Margaret Wall-Romana’s MAEP exhibition, “Painting Before and After Words” addresses painting as both noun and verb. The works in this exhibition are not illustrations of an idea or concept, nor are they purely abstract, gestural tracings. By focusing intently on forms and composition and experimenting with painterly moments of emotional excitement, she subjugates narrative to meaning. Her paintings are sensuous and experiential, seen and felt but not necessarily described.
The body of Christ is the compositional focus of Rogier vander Weyden’s painting, Descent from the Cross, of 1432, pictured here. The subject’s lifeless limbs are positioned so they lead viewers’ eyes through the painting in a figure eight circuit that illuminates each of the mourning faces in the funeral entourage. Following Christ’s left arm to the right side of the canvas the viewer’s sightline loops down through the head and shoulders of Mary Magdalene. It then ascends diagonally through the length of Christ’s body to the left side of the canvas. There St. John supports the Virgin Mary, whose left hand almost touches the right hand of her deceased son.
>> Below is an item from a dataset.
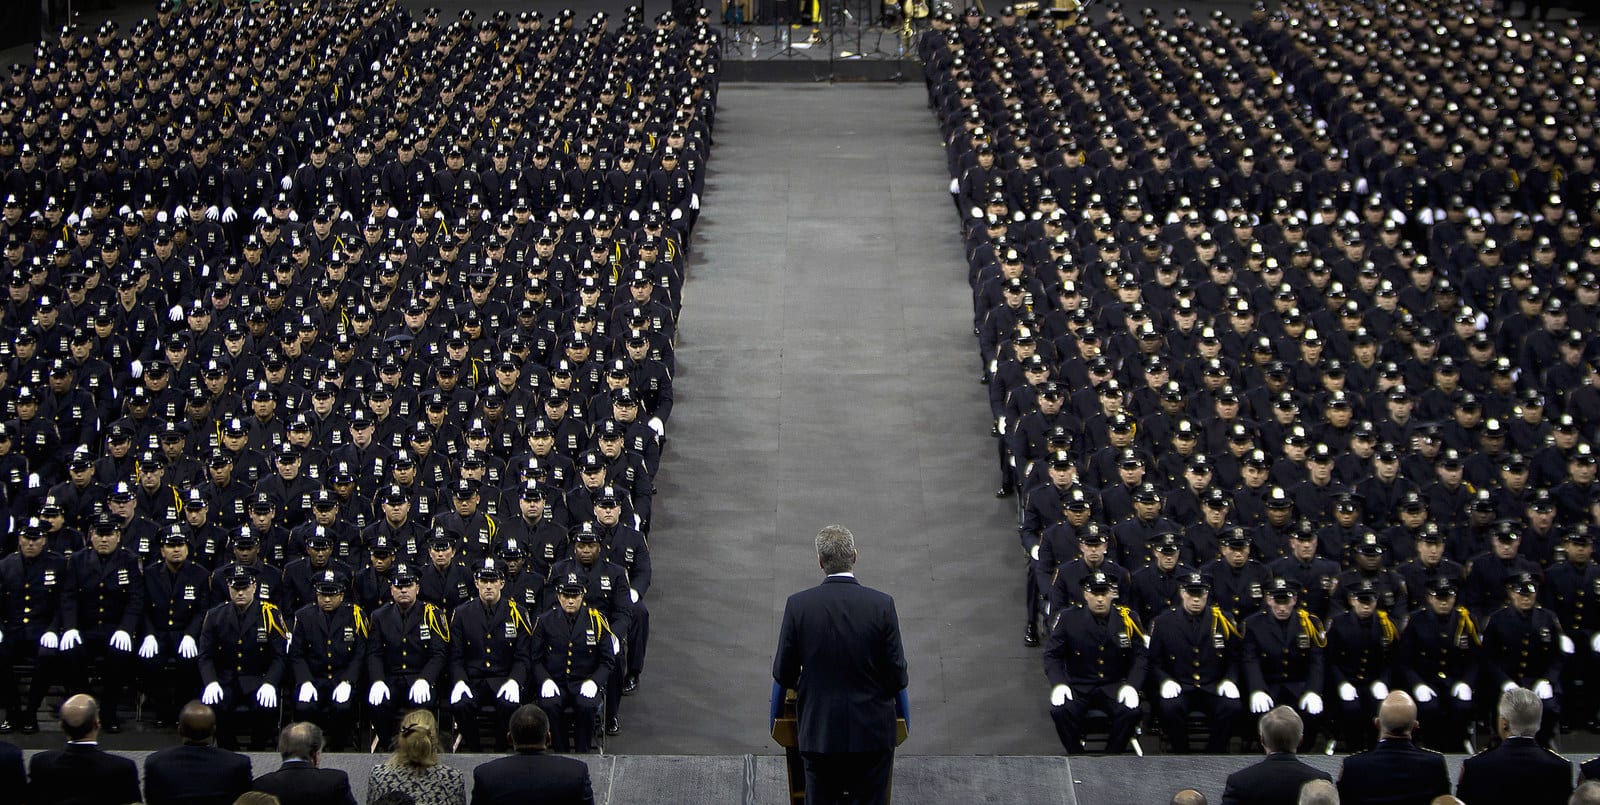 Mayor Bill de Blasio speaks to the New York City Police Academy graduating class, Dec. 29, 2014. - Carlo Allegri / Reuters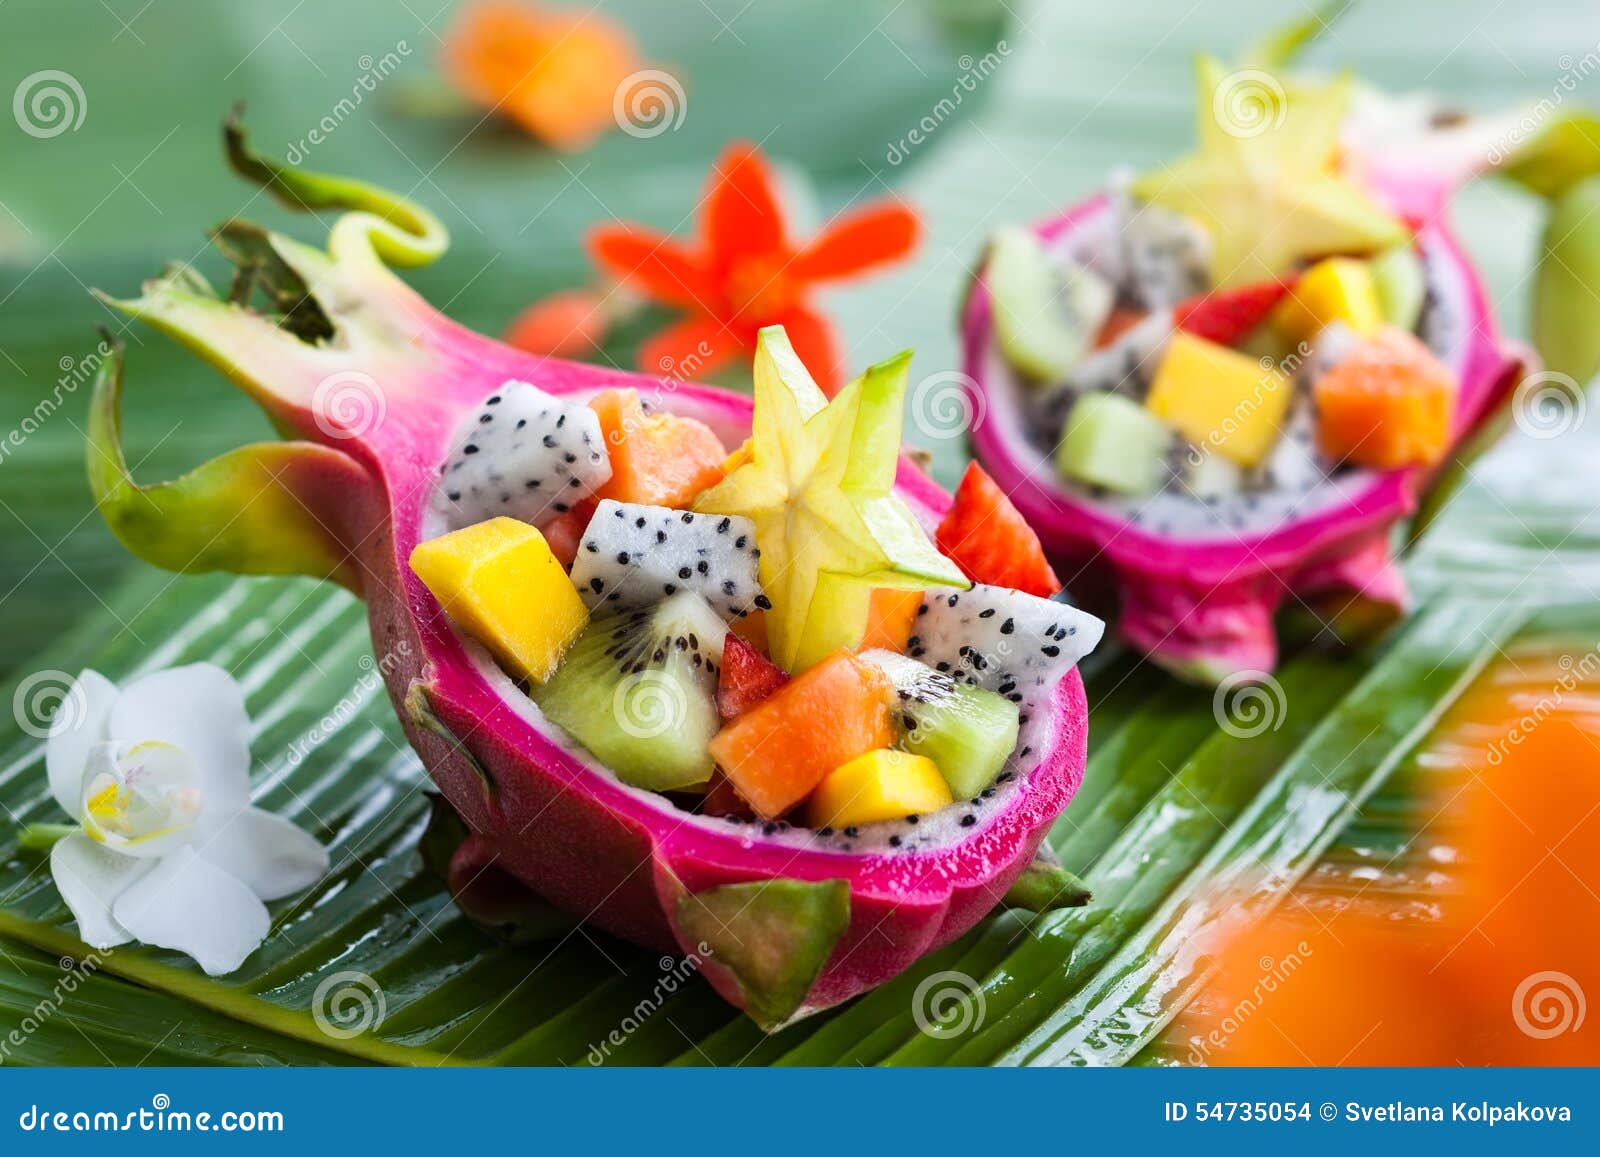 exotic fruit salad

Descent from the Cross is an important artistic touchstone for Wall-Romana. For years she has responded to its innovative composition, its unusually shaped panels, and the precision with which the Flemish artist captured a sense of grief and mourning. Her Painting Painting (with van der Weyden) is a rejoinder to that famous work, as are many of her paintings that refer to the established works that make up the art historical canon. Both a painter and a keen student of art history, Wall-Romana gleans from hundreds of years of painting, yet innovates by borrowing techniques from Flemish landscapes and Abstract Expressionist compositions and fusing them into her original works.
Eschewing sketches, Wall-Romana paints directly, employing precise control of and fluid response to the vicissitudes of oil paint. Parentheses (Here & There) is a hanging garden of verdant foliage, decomposing grass, and wilted blossoms bunched together and floating, impossibly, in a perfectly blue sky. The massive root ball at the center of the painting, full of both life and death, is on the verge of disappearing into the clouds, despite its illusory weight. It hovers on the panel, balanced by the artist’s ability to assimilate forms, styles, and action into a single painting.
These paintings employ complex configurations of scale and perspective that shift from photo-precise still lifes to vast atmospheric distances. Approaching Wall-Romana’s paintings, viewers can experience a terrible boundlessness that carries their eyes and minds beyond reality. Wall-Romana channels the sublime grandeur of earlier painters, but succeeds in striking viewers at a sensory level rather than belaboring the narrative themes of history painting.
She achieves a wide spectrum of paint densities, by which she brings images right up to the surface. As she works the paint onto the panel, Wall-Romana sands and scrapes layers from specific areas. She then continues painting, sanding, and burnishing, creating dramatic patinas and uncovering hidden textures and veins of color. In Towards & Away, her broad, ribbon-like whorls of oil-slick oranges and greens sit on top of, but don’t pollute, the yellowing clouds of the sunset sky. The paint is stable and fluid, a surface as well as a layer. Her panels can be seen as excavation sites where color, form, and pigment create illusions in which one layer is barely hidden by another. Her flower petals couldn’t be any thinner or more delicate, yet faded smears of paint look like bruises that have turned into a rainbow of color.
“Certain paintings ‘temporize,’ or generate their own time within time, even beyond the powers of language,” writes George Steiner, in Grammars of Creation (New Haven: Yale University Press, 2001). “Such paintings draw us into a time-grid integral wholly to themselves.” Time is also integral to Wall-Romana’s paintings. In the literal sense, she spends months working on each of her paintings. This delicately labored process is matched by her reflections on art history. She decants her knowledge of paintings and techniques and makes them her own. See the way she cites the Venetian Renaissance painters by elevating her still lifes to dramatic effect. Alternately, she applies hazy violets and reds that echo the non-figural planes of Color-Field painters. Her sottobosco (forest floor) imagery bows to the microecosystems created by the Dutch painter Otto Marseus van Schrieck in her Memento Lucem (Remember the Light). It’s as if she is quoting the artists who have influenced her without footnoting the sources. Wall-Romana’s paintings create their own sense of time, where so much history is compressed into contemporary paintings that refuse to be idealized or nostalgic.
Some art can inspire feelings that are impossible to put into words and in doing so, remind us that art is about response and reaction. Art can also be a sobering reminder of human mortality. Wall-Romana’s paintings are filled with, but do not illustrate, this double-edged awareness of life and death. Even in their stillness, her bright white daffodil petals can’t help summarizing and anticipating the cyclical beauty of nature. The same is true when looking at the skull in Memento Lucem (Remember the Light). Like all memento mori, it emphasizes the passage of life, but for Wall-Romana, it’s not meant to be a warning; it is, like a ruin, a beautifully sundered fragment from the erosions of life and decay.